At a gas turbine company, I sometimes worked on design of high power aerospace clutches. The wet clutch is always superior to a dry clutch. It is possible to design the Raider wet clutch to be unclutched while idling on the ground, so it sounds like the Raider clutch design is a botch job. A brake would still be needed on the prop, and the clutch plates would need to have spring separators, to make sure the plates separated when the clamp force was removed. A dry clutch has a much much greater wear rate of the clutch plates. Therefore the plates have to be very thick. Then the clamp load has to be massively increased because there are fewer plates. So the dry clutch ends up just as large or larger than the wet clutch. Oil must continuously be supplied to the clutch bearings even with a "dry" clutch.

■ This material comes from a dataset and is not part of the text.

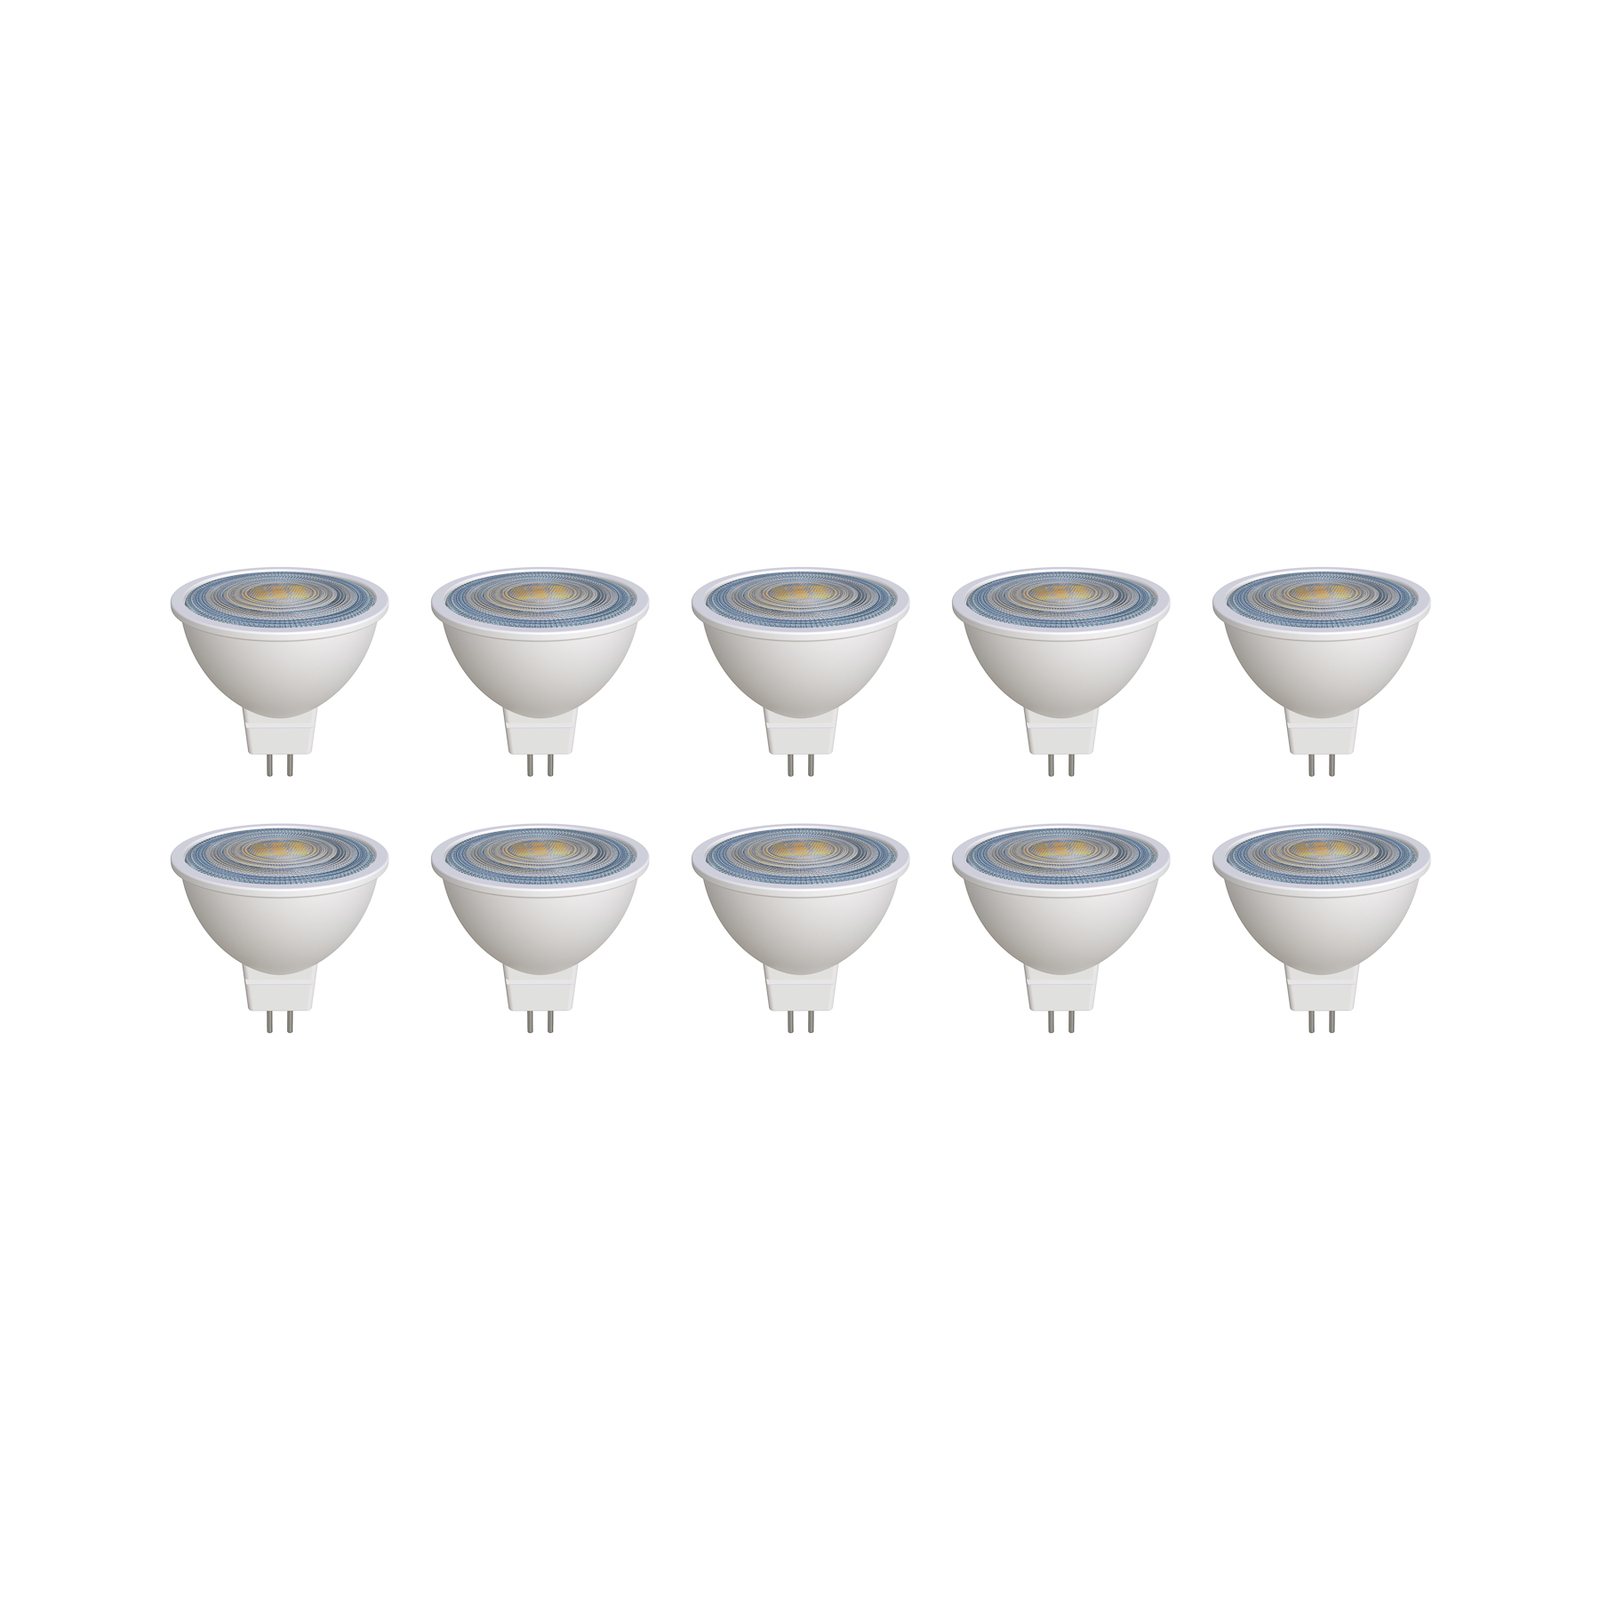 Prios LED refletor GU5.3 7.5W 621lm 36° branco 830 conjunto de 10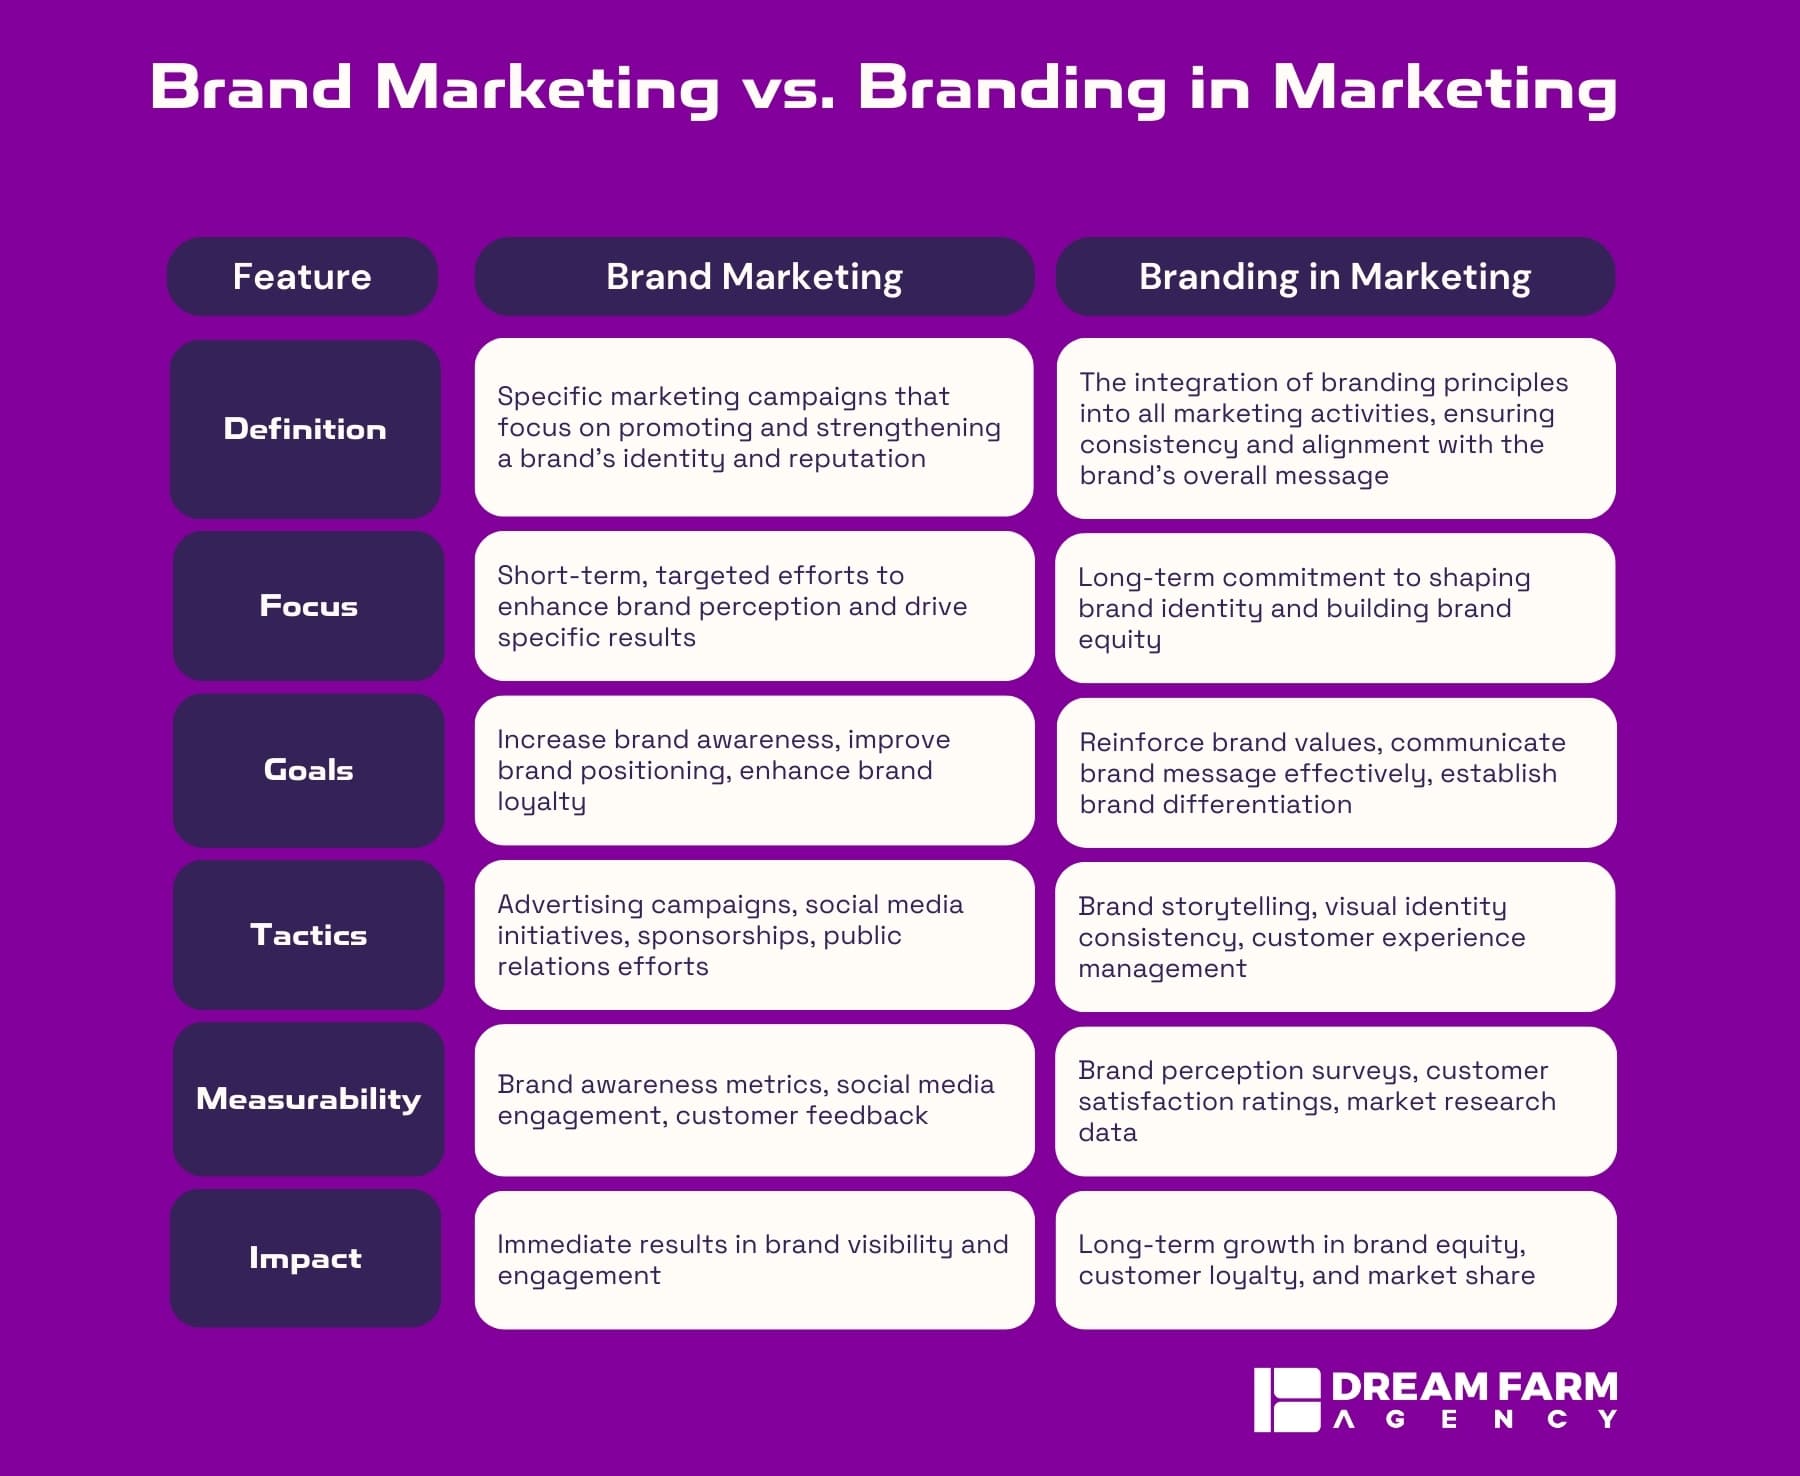 Branding-in-Marketing-vs-Brand-Marketing-infographic

Likely Sikorsky did not account for the very high wear rate of the dry clutch plates. Think of needing 1.5 inch thick plates instead of .125 inch thick clutch plates. The thermal management of the dry clutch requires shielding around the red hot dry clutch plates, to keep from coking the bearings oil, or even starting a fire. Cooling air is required, and the best source here is engine bleed air. Do everything right, and the dry clutch still has a much shorter clutch plate life than a wet clutch.

The Sikorsky X-wing clutch design, scaled to size, would work just fine.

Last edited by noneofyourbusiness; 18th May 2023 at 22:58.